**RAW DATA**
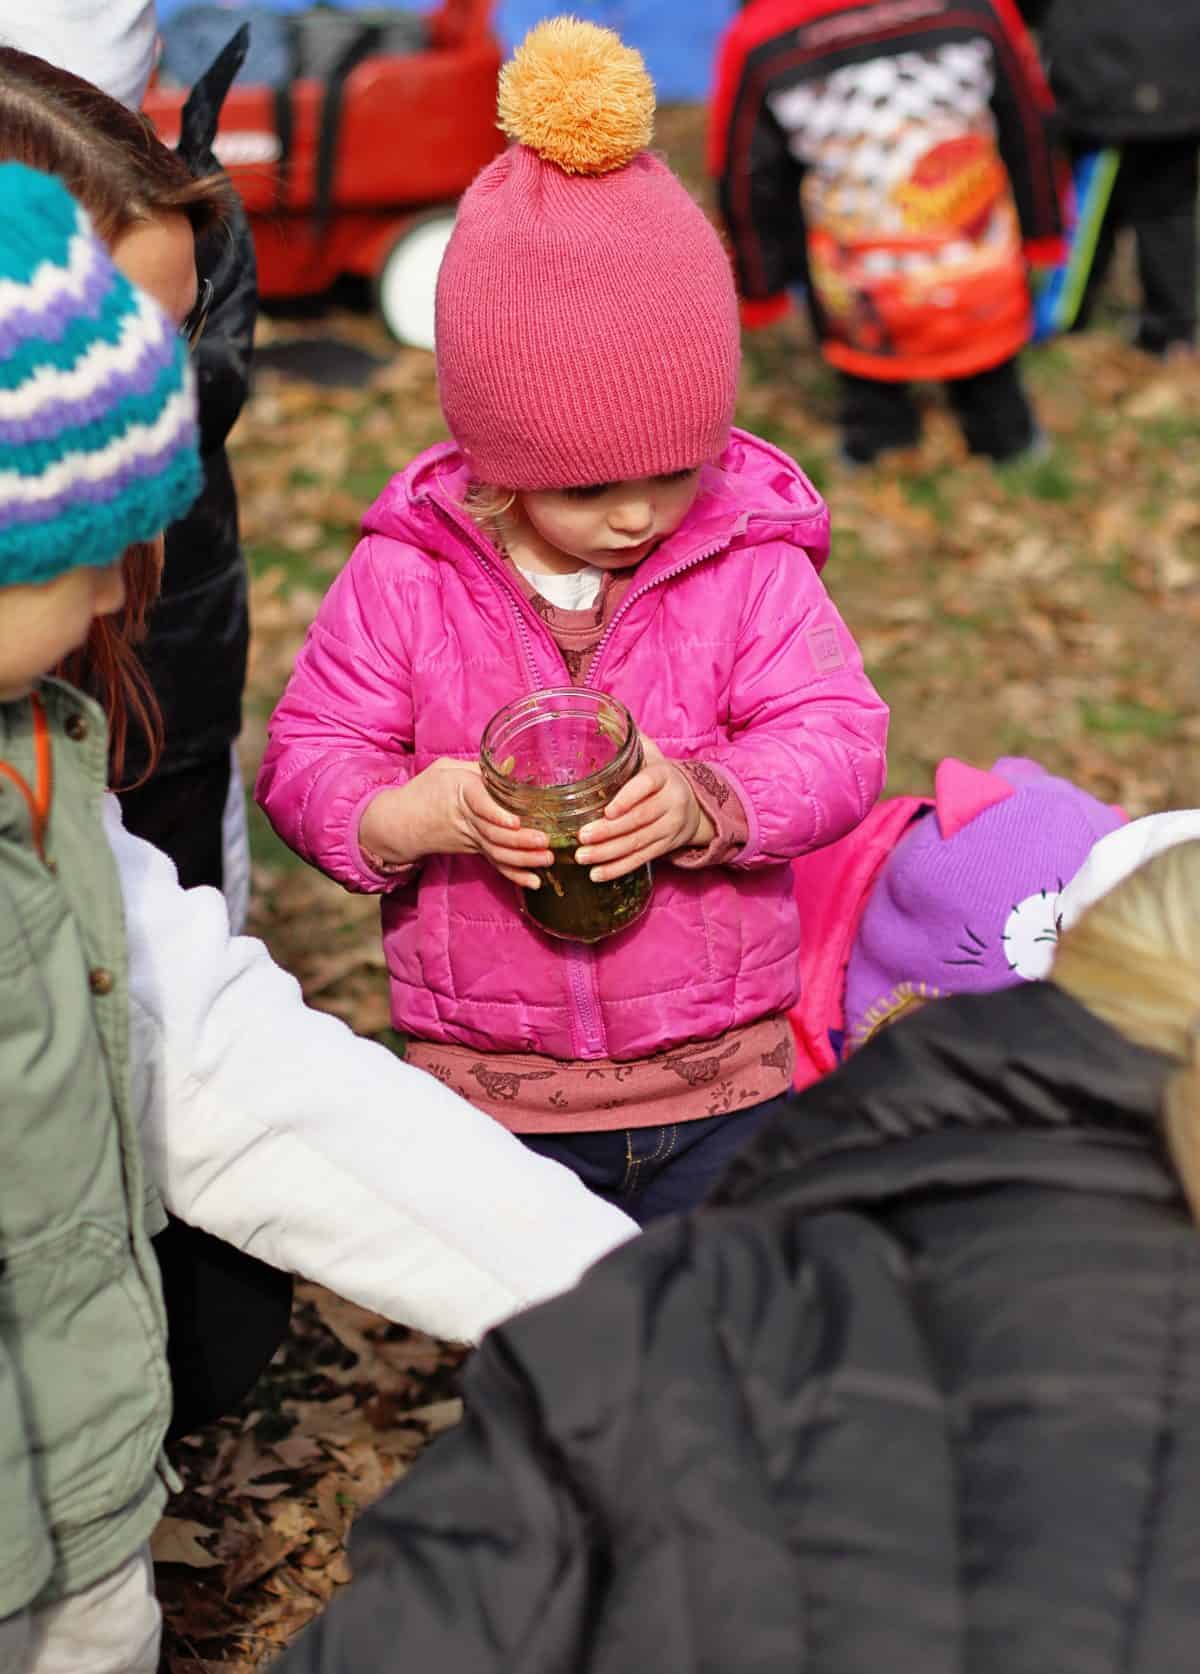 tinkergarten activities for little kids
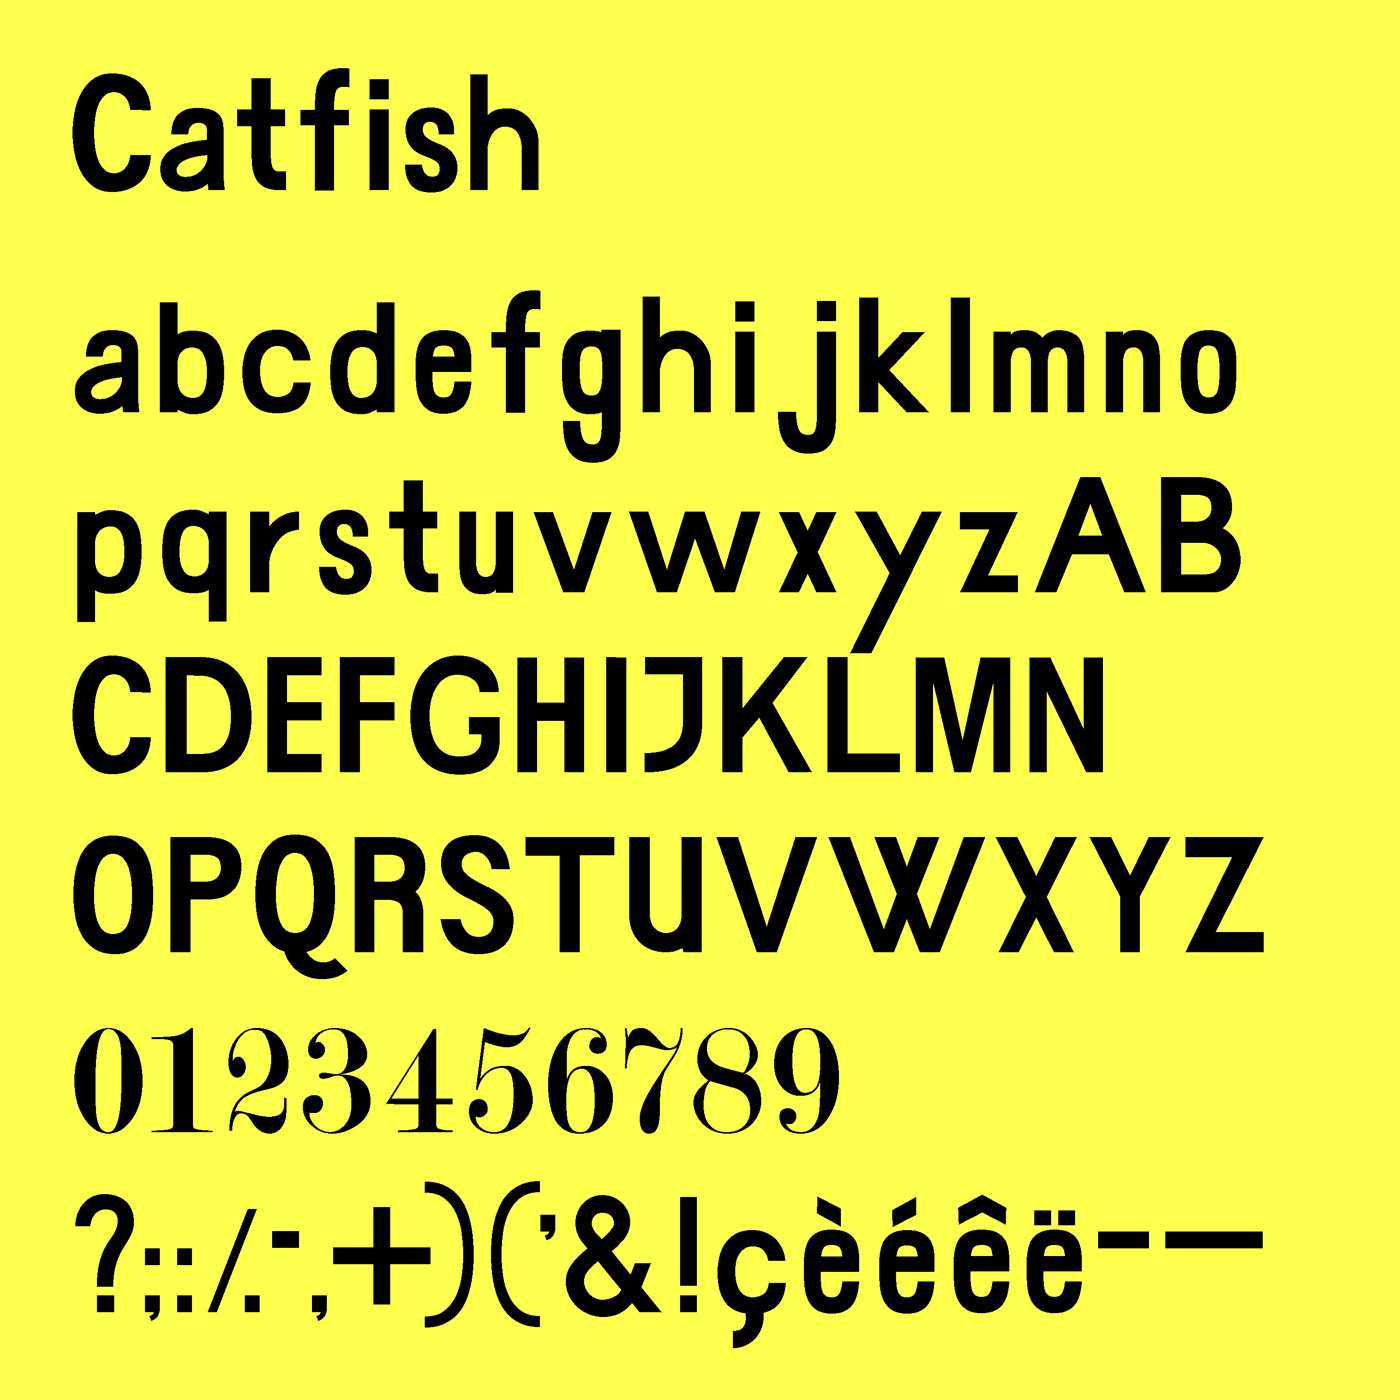 Catfish typeface designed by Thomas Bush
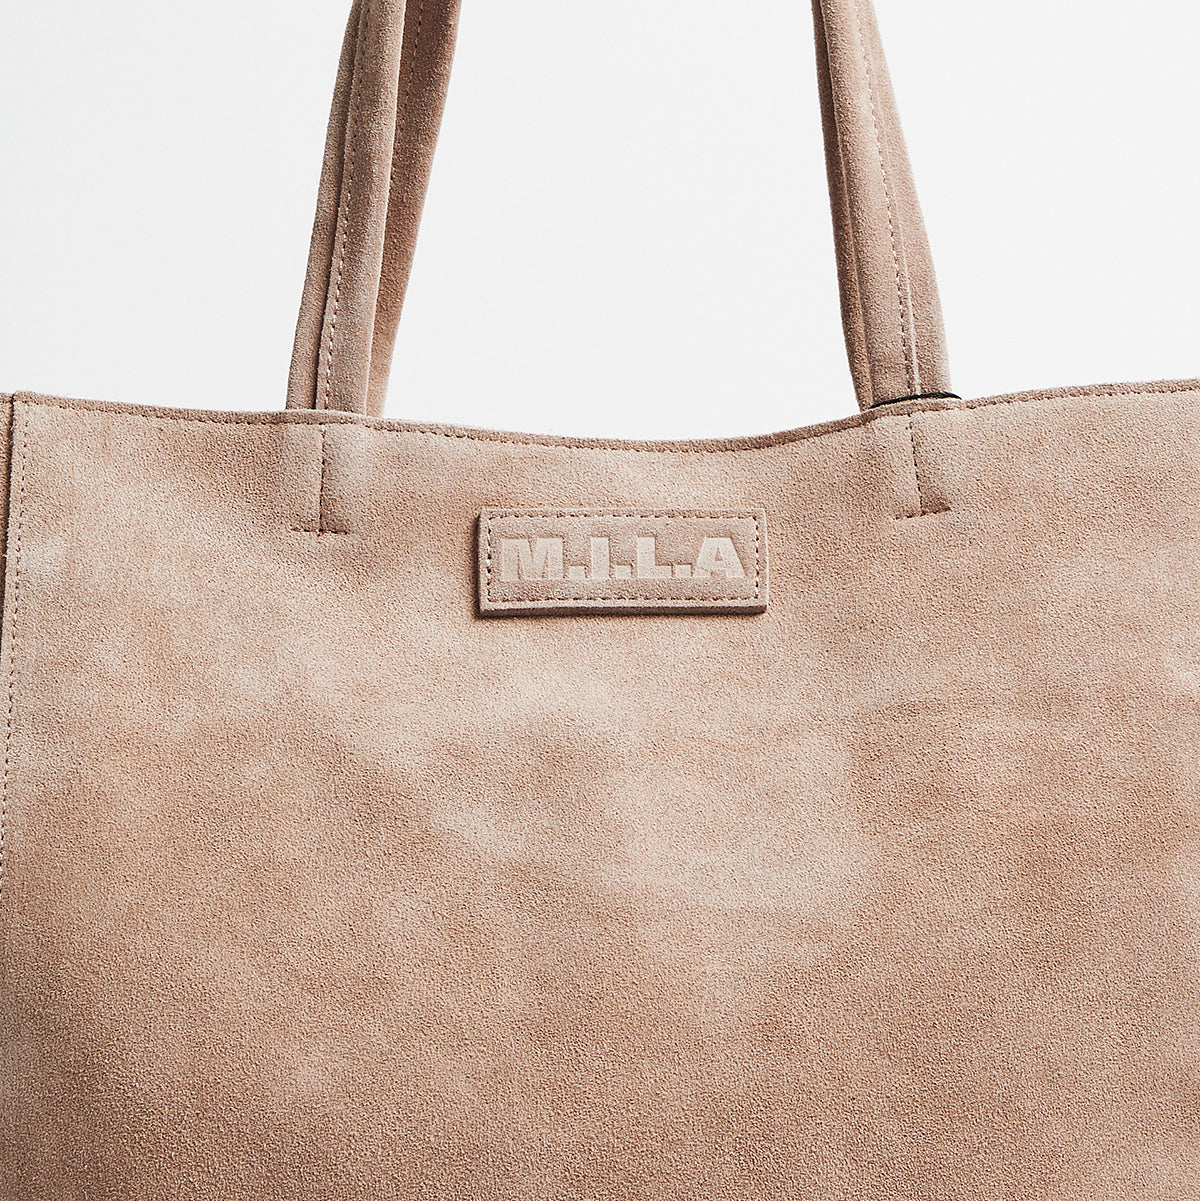 Luxury Tote Bag | Suede | Toffee

**PROBLEM REQUIREMENTS**
With pictures omitted, copy exactly the lines from the one containing "Catfish typeface designed by Thomas Bush" through the final line of the listing, both included.

**WORKED SOLUTION**
 Catfish typeface designed by Thomas Bush
 Luxury Tote Bag | Suede | Toffee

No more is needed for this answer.